Because the virtual addresses are translated according to a natural sequence in the prior art, when the first virtual address in a virtual page is translated, because a corresponding page table entry does not exist in the TLB, a multi-level page table needs to be accessed for address translation, and the translation time is long. The method for translating the address provided by the patent adopts the virtual addresses arranged in the out-of-order sequence to translate the virtual addresses in advance, the corresponding initial addresses are translated when the virtual addresses in the corresponding virtual pages are sent to the MMU, and the virtual addresses in the virtual pages can be translated in a plurality of cycles.

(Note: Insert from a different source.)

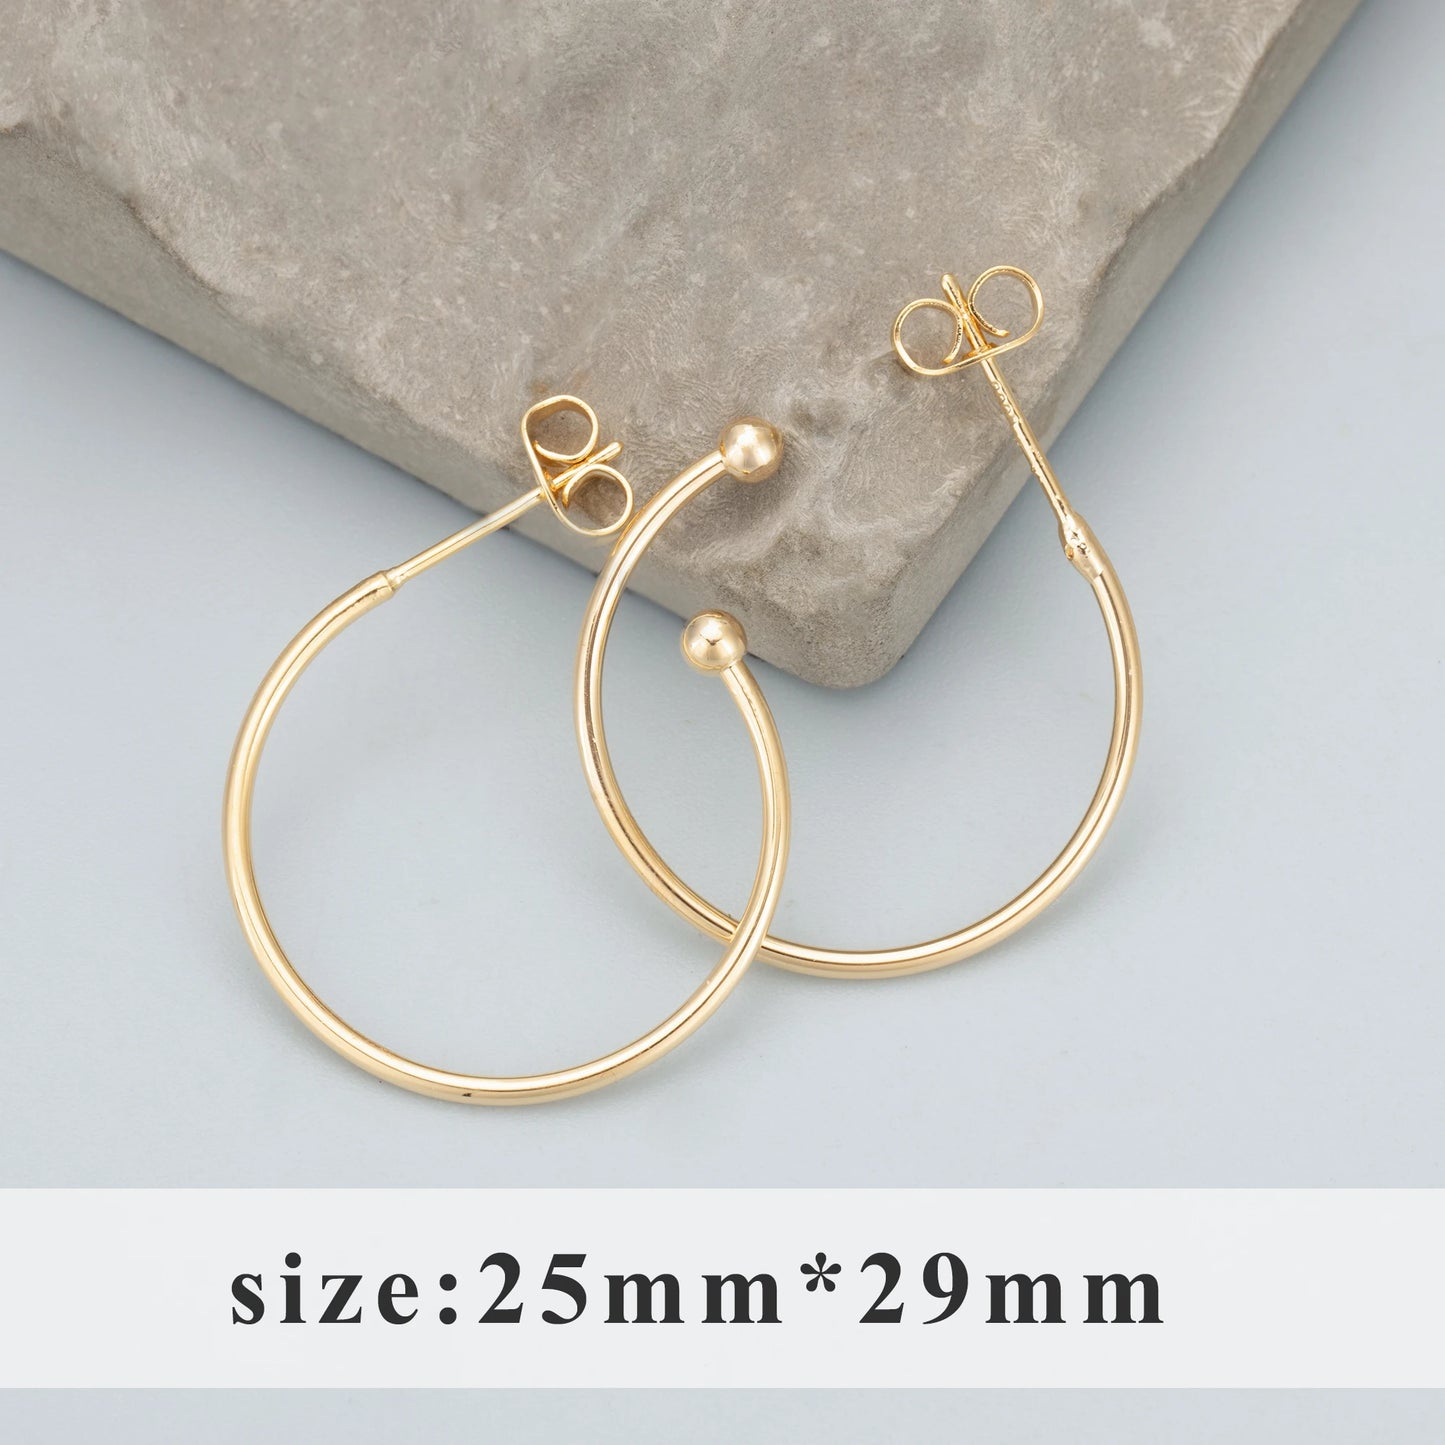 GUFEATHER MC19,jewelry accessories,18k gold plated,pass REACH,nickel free,round ring,charms,jewelry making,diy earrings,6pcs/lot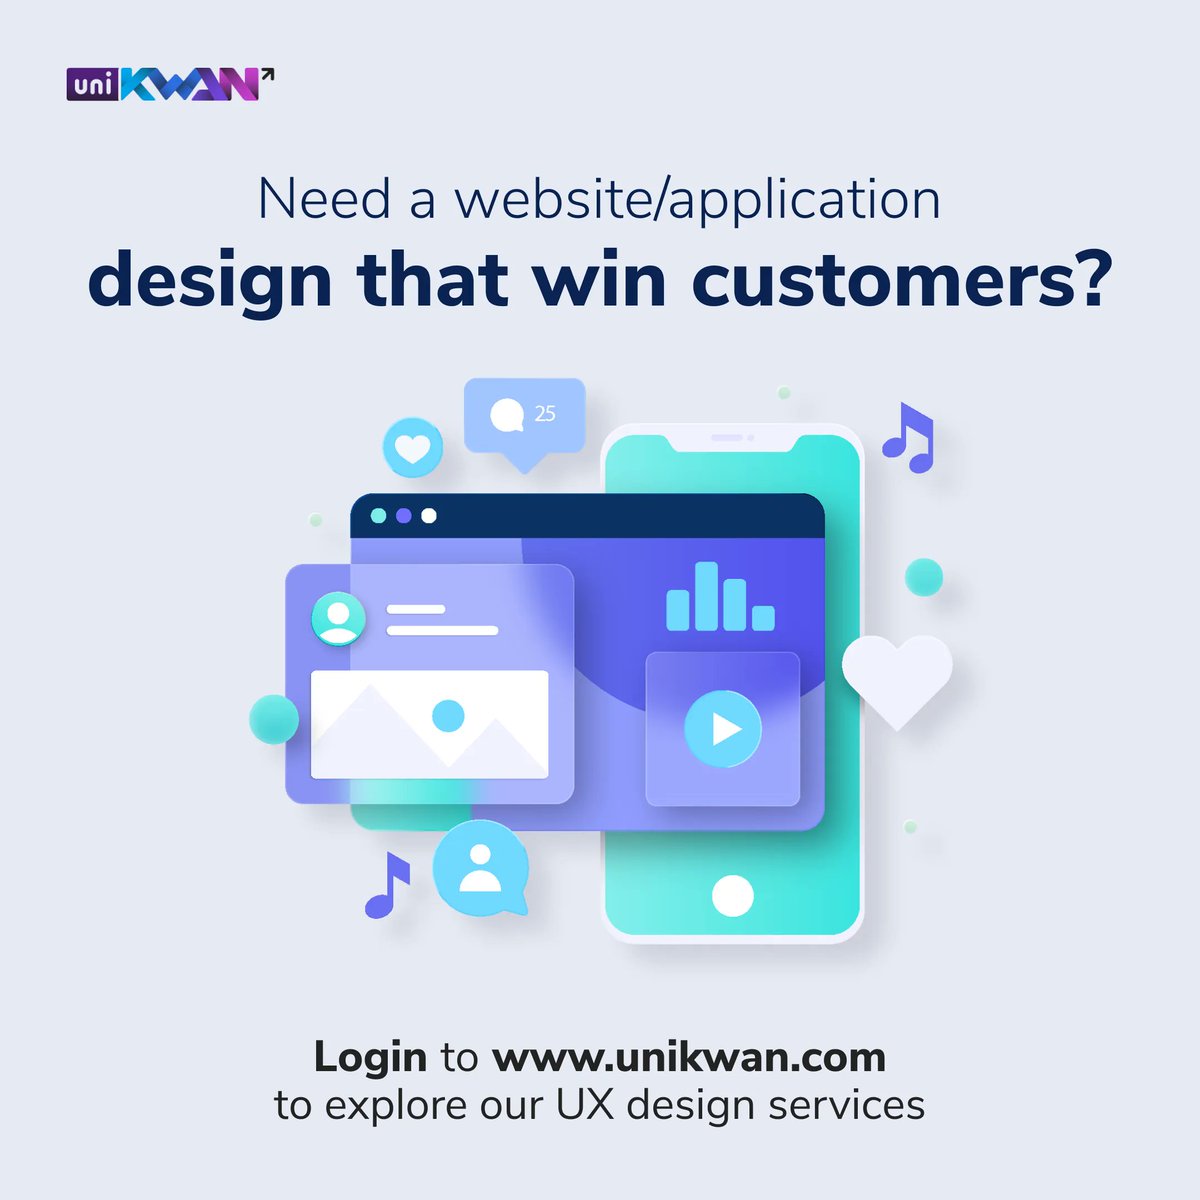 Transforming ideas into user centric designs for #digital platforms. Need a website/application #design that win customers? Login to buff.ly/2FfjjBb to explore our UX design services or reach out to us at hello@unikwan.com. #unikwanforux #userexperience #designagency

As a preferred embodiment, the first address is the virtual address in each virtual page with the same address increment relative to the starting address. The number of physical pages read ahead is set to t, for the first virtual page { seq0, seq1, …, seqn-1}, the second virtual page { seq, seqn +1, …, seq2n-1}, the third virtual page { seq2n, seq2n +1, …, seq3n-1}, …, the t-th virtual page { seq (t-1) n, seq (t-1) n +1, …, seqn x n-1 }. Taking the first virtual address of each virtual page as the head address, the subsequence formed by the head address read in advance is { seq0, seq2n, …, seq (t-1) n }, the subsequence formed by the virtual addresses in the updated virtual page is { seq1, …, seq-1, seq × n, seq +1, …, seq2n-1, seq (t +1) × n, seq2n +1, …, seq-3, seq-2/seq-1 }, and the subsequence formed by the head address read in advance and the subsequence formed by the virtual addresses in the updated virtual page are spliced to obtain the disordered virtual address: { seq0, seq2n, …, seq (t-1) n, seq1, …, seq-1, seq Xn, seq +1, …, seq2n-1, seq (t +1) Xn, seq2n +1, …, seq-3, seq-2/seq-1 }, if the last virtual address is an integer multiple of n, the sequence of the last request is seq-2, otherwise the sequence of the last request is seq-1. The specific value of the number t of the virtual pages read in advance can be determined according to the relationship between the total delay time of different systems for accessing the multi-level page table and the total delay time of querying the TLB of all the addresses in the virtual pages. Sending the virtual addresses to an address translation unit for address translation according to the sequence after the disordered arrangement, and when translating the virtual addresses in a page (for example, the sequence number is the x-th page), translating the first address of the x + t virtual page in the combined virtual page; in the translation delay process of the first address of the x + t-th virtual page, all the addresses of the missing virtual pages x, x +1, x +2, x +3, … and x + t-1 are successfully matched through entries in the TLB so as to quickly finish translation; when the translation of the first address of the x + t virtual page is completed to obtain an entry, all addresses in the x + t missing virtual page send translation requests, and the translation requests are matched with the entry which is obtained just successfully, so that the purpose of rapid translation is achieved.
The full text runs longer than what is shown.